# Need Help ,yupp



## Silverbullet (Dec 23, 2016)

Hi I have a chance to get a small horizontal mill in south Jersey. Now why I need the help as some know I'm disabled in a wheelchair in Marlton NJ. This mill has been lowered in price to where I can afford to buy it. But I'm not able to pay for the mill and the rates they want to move it. Now I'm sure the mill weighs in the five to seven hundred pound range. I have lots of other tools I can trade for moving it . I'm not sure it's location yet. But if I can get help ill find out . I'm usually to proud to beg but I'm doing just that. If anybody's able or willing , email me ,,, Trapshot_100@yahoo.com ,,,, 
Thanks Gary aka Silverbullet.


----------



## Ulma Doctor (Dec 23, 2016)

I wish i were closer to you Gary, i'd do it in a minute.
hopefully someone closer can help out
i wish the best of luck


----------



## Uglydog (Dec 23, 2016)

Minnesota is also a bet far.

Daryl
MN


----------



## chips&more (Dec 23, 2016)

I'm a hopin for yah


----------



## Billh50 (Dec 23, 2016)

Good luck. I had one a few months ago offered for free. But it was in Florida and I didn't have the money for shipping. Tried to find a few people to relay up here to CT or at least to NY. But no luck for me.
I am sure someone local will be able to help you though. I know I would if I was closer.


----------



## Silverbullet (Dec 23, 2016)

At least I'm trying, the mill is about the size of a #5 Burke , base about thirty inch square and five ft high. With tooling $200.00 . He has an air press with a spare seal , looks powerful , punch press I'm.guessing. . Time will tell. My van could be used , but not sure the chair lift will lift it. I think it will alone no passengers with it when raising , my chair and me are 700 lbs.


----------



## brino (Dec 24, 2016)

Gary,

If we were closer together, like if it were a 2 hour journey, I'd be in (with my truck and engine hoist).
However, google says it's 7.5- 8 hours. yikes!

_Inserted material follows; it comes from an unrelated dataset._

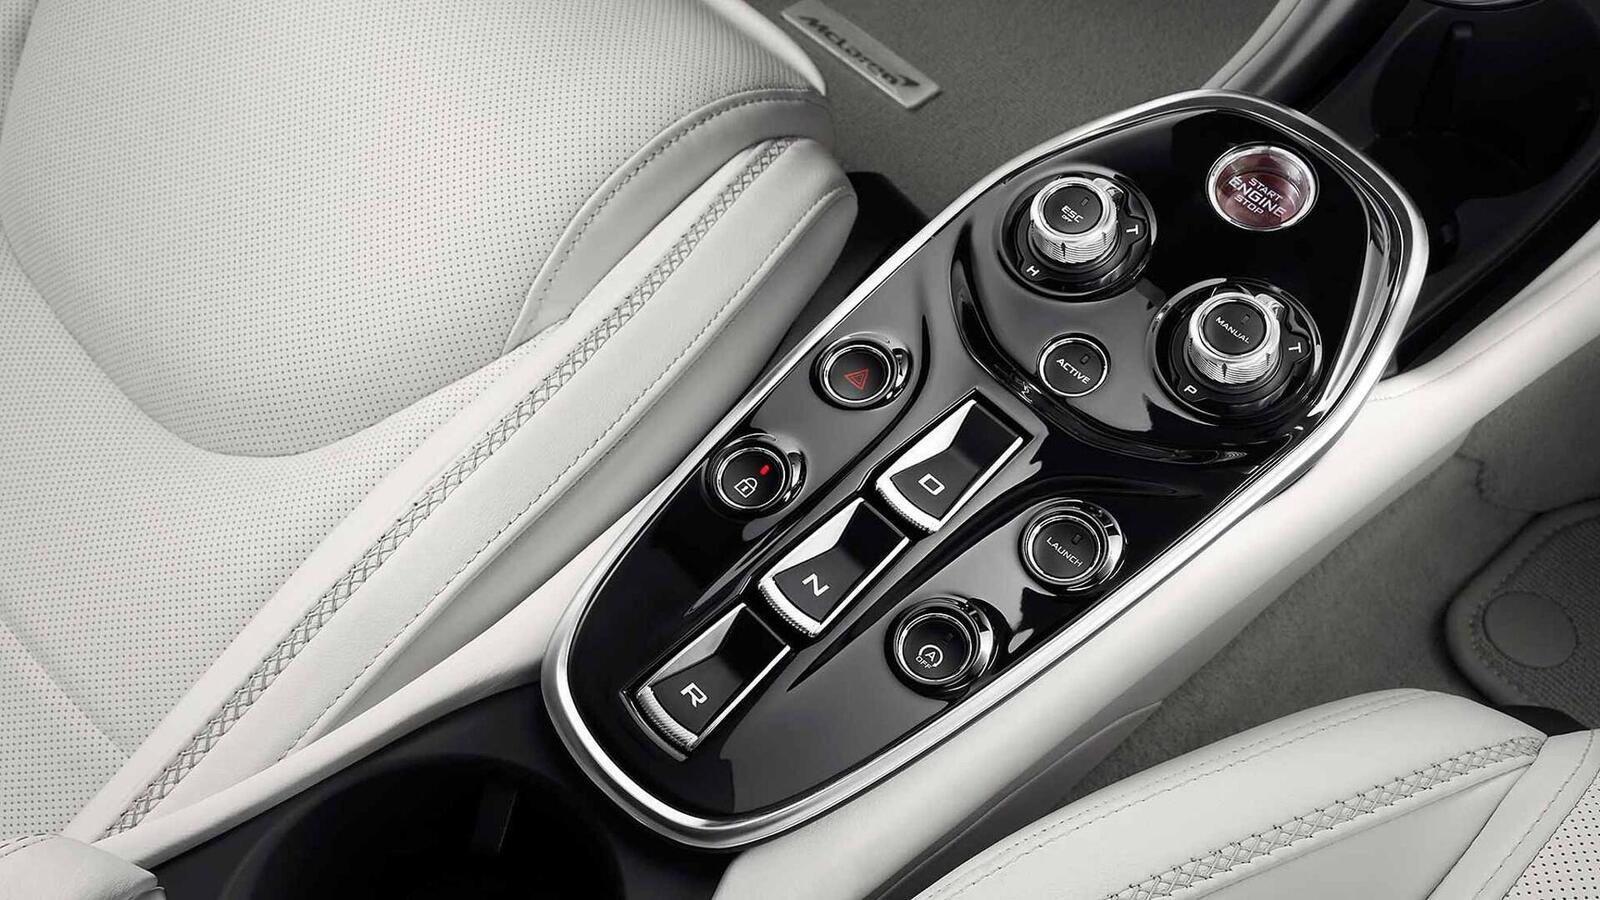 McLaren giới thiệu siêu xe GT 2020 hoàn toàn mới: Động cơ mạnh mẽ và cabin thoải mái - Hình 11

All I can offer is my hopes you find some local help.
Good Luck!

-brino


----------



## Firestopper (Dec 24, 2016)

Hopefully someone closer to you location will help. I would in a heartbeat, but Az is a no-go. 
Best of luck amigo and I hopeful it will work out for you.


----------



## Eddyde (Dec 24, 2016)

I'm not too far from you, If there was another pair of hands available, I will volunteer a day to help you out.


----------



## Silverbullet (Dec 24, 2016)

brino said:


> Gary,
> 
> If we were closer together, like if it were a 2 hour journey, I'd be in (with my truck and engine hoist).
> However, google says it's 7.5- 8 hours. yikes!
> ...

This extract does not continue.